___ Dataset extract

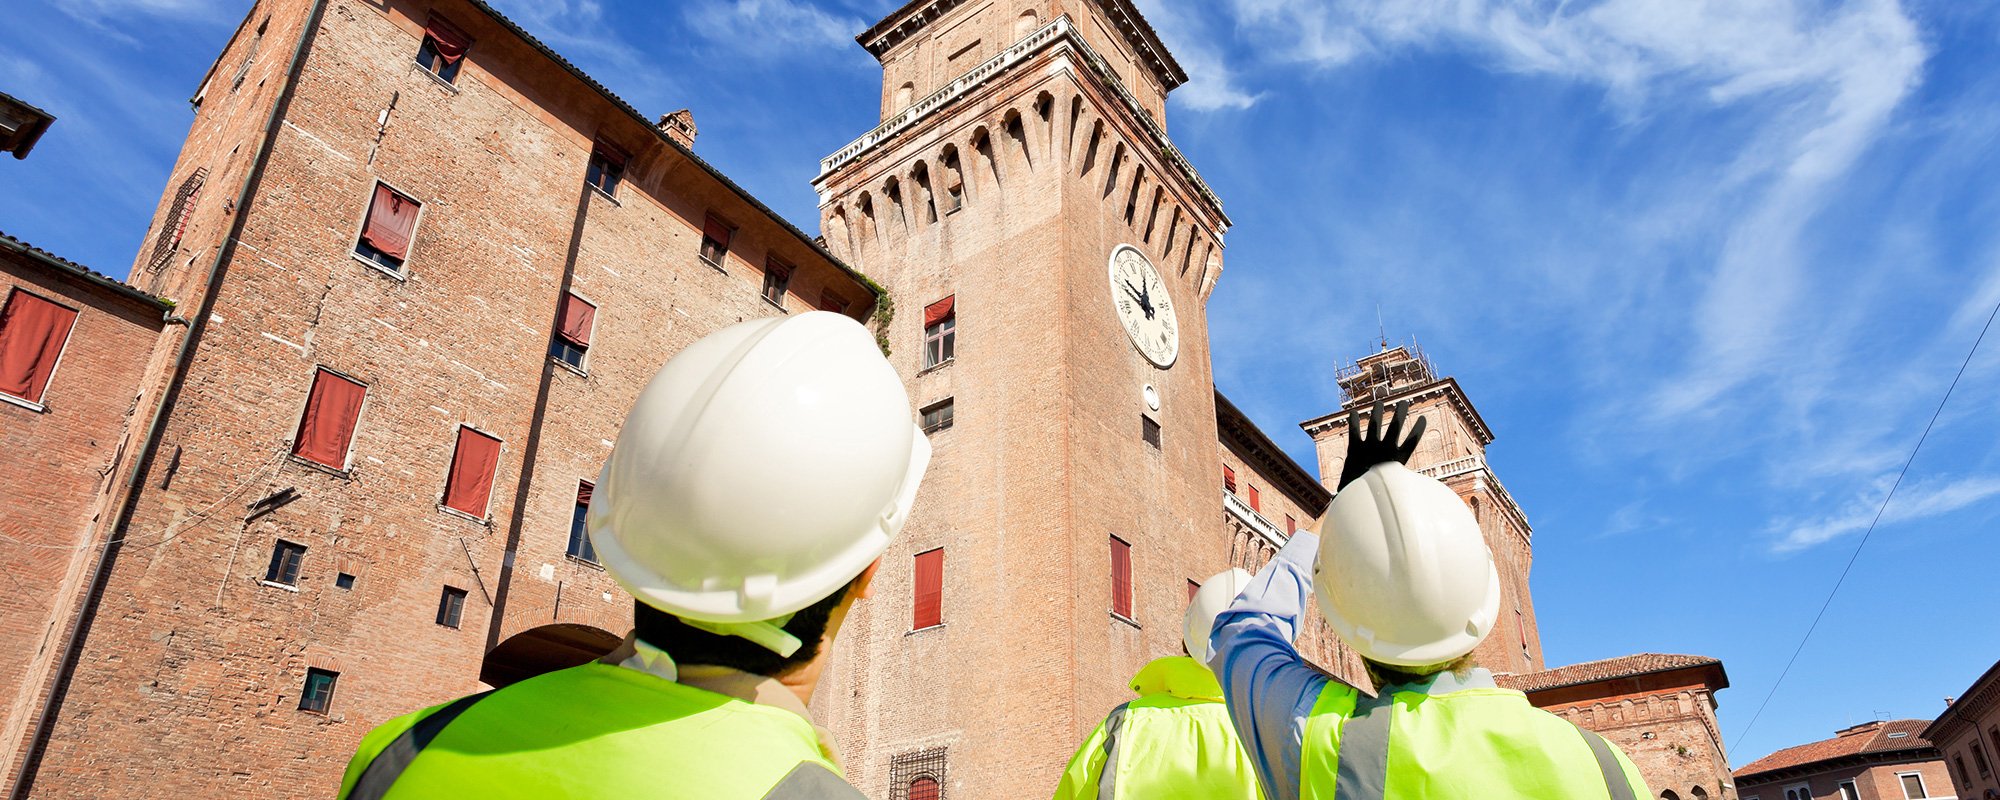 Operai edili al lavoro sul castello estense di Ferrara
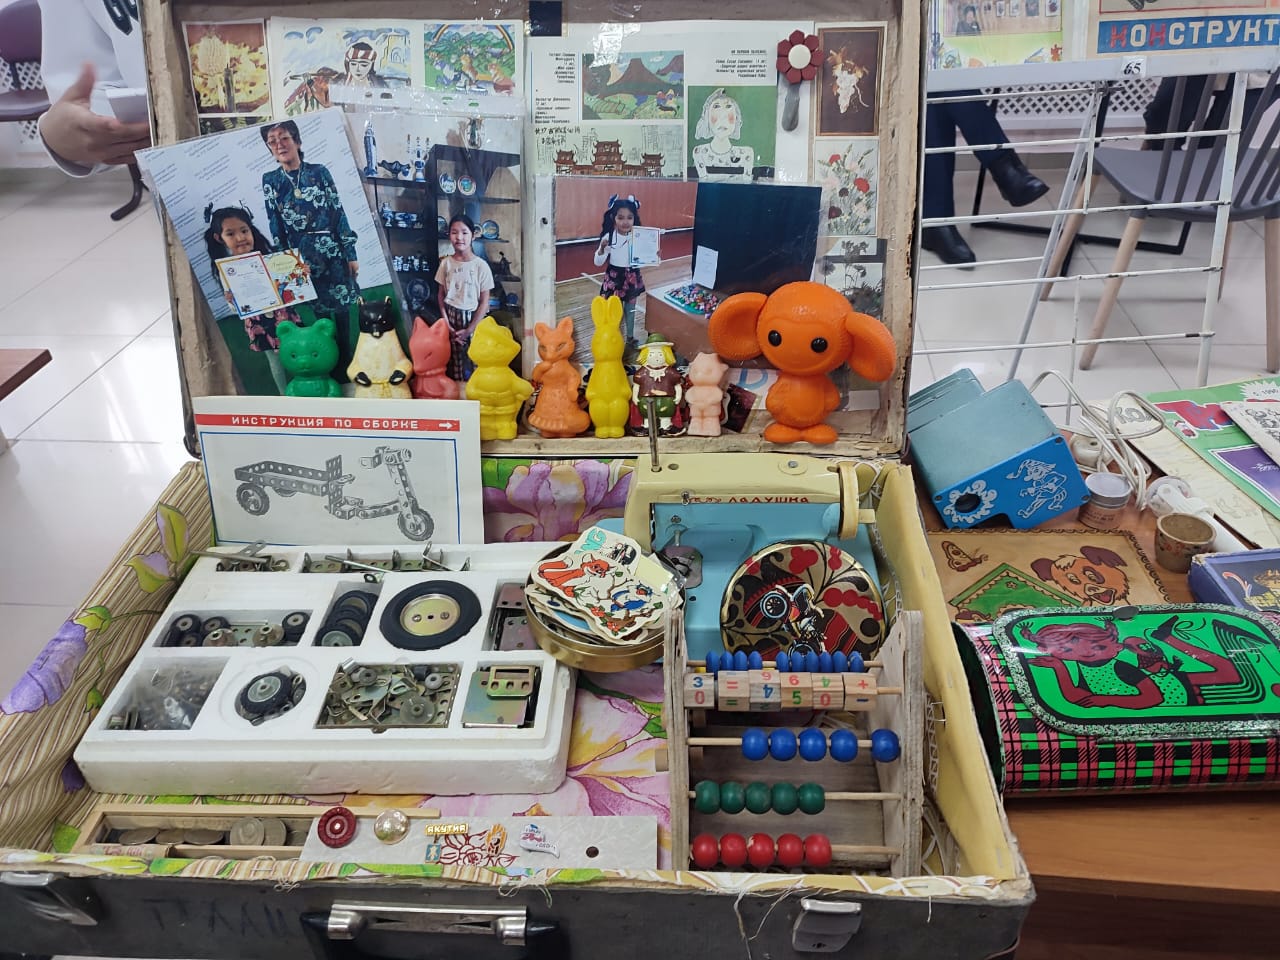 Фото: в Усть-Алданском районе Якутии состоялась выставка-конкурс коллекций детских игрушек
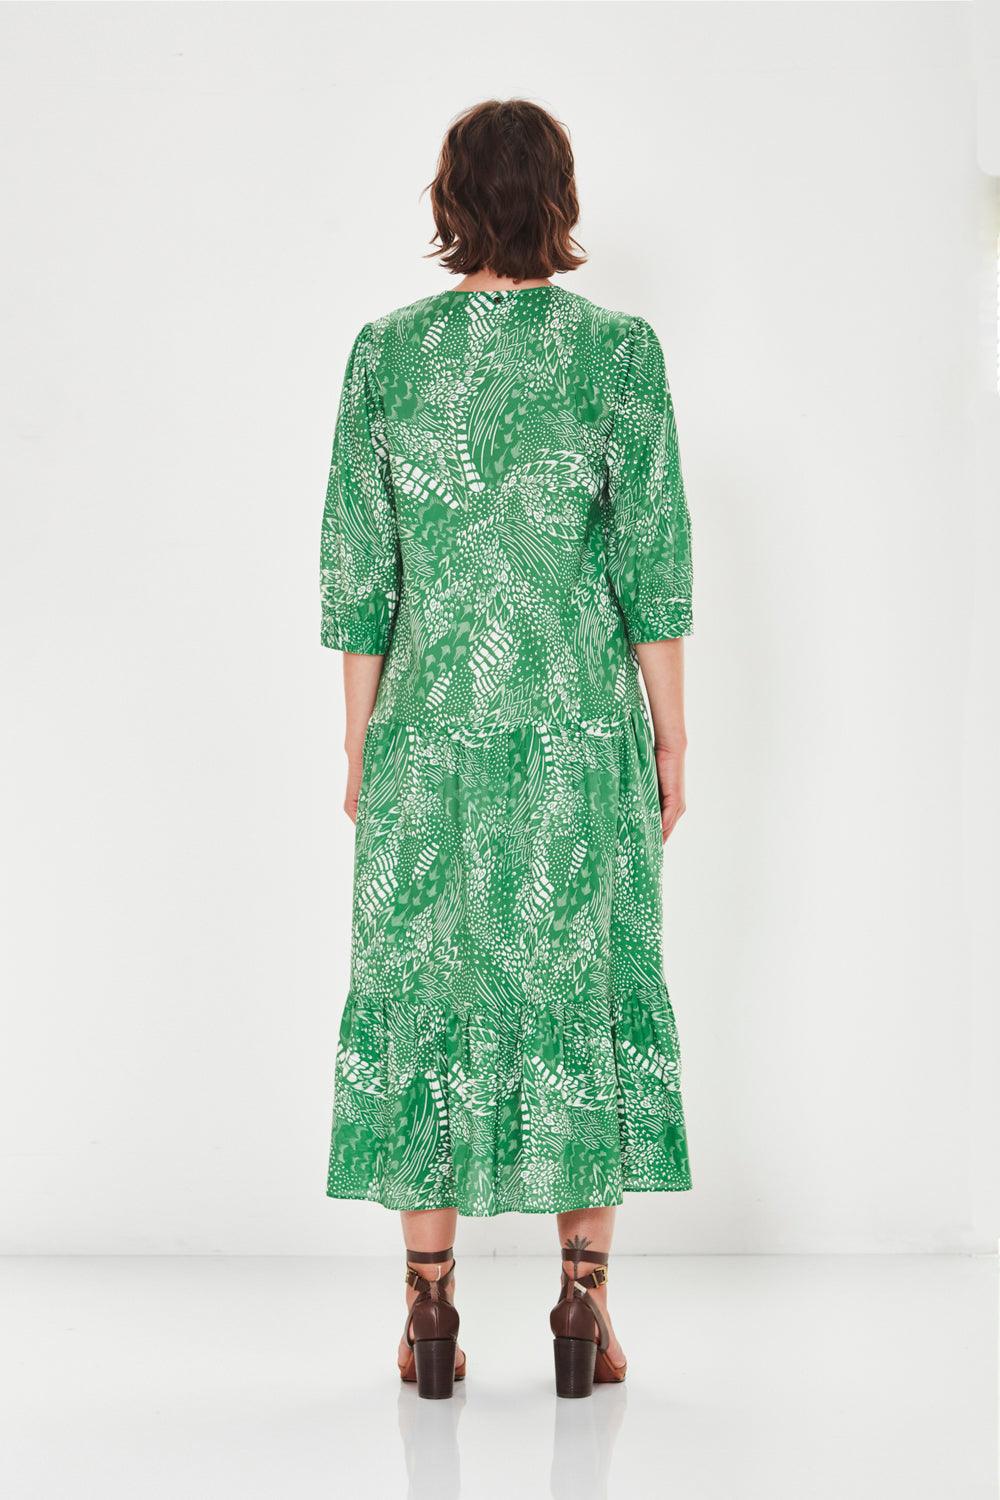 Spirit Dress - Grass - Dress VERGE

______

Requirement
The required answer is the material repeated exactly, with no images in it.

Output below
 Operai edili al lavoro sul castello estense di Ferrara
 Фото: в Усть-Алданском районе Якутии состоялась выставка-конкурс коллекций детских игрушек
 Spirit Dress - Grass - Dress VERGE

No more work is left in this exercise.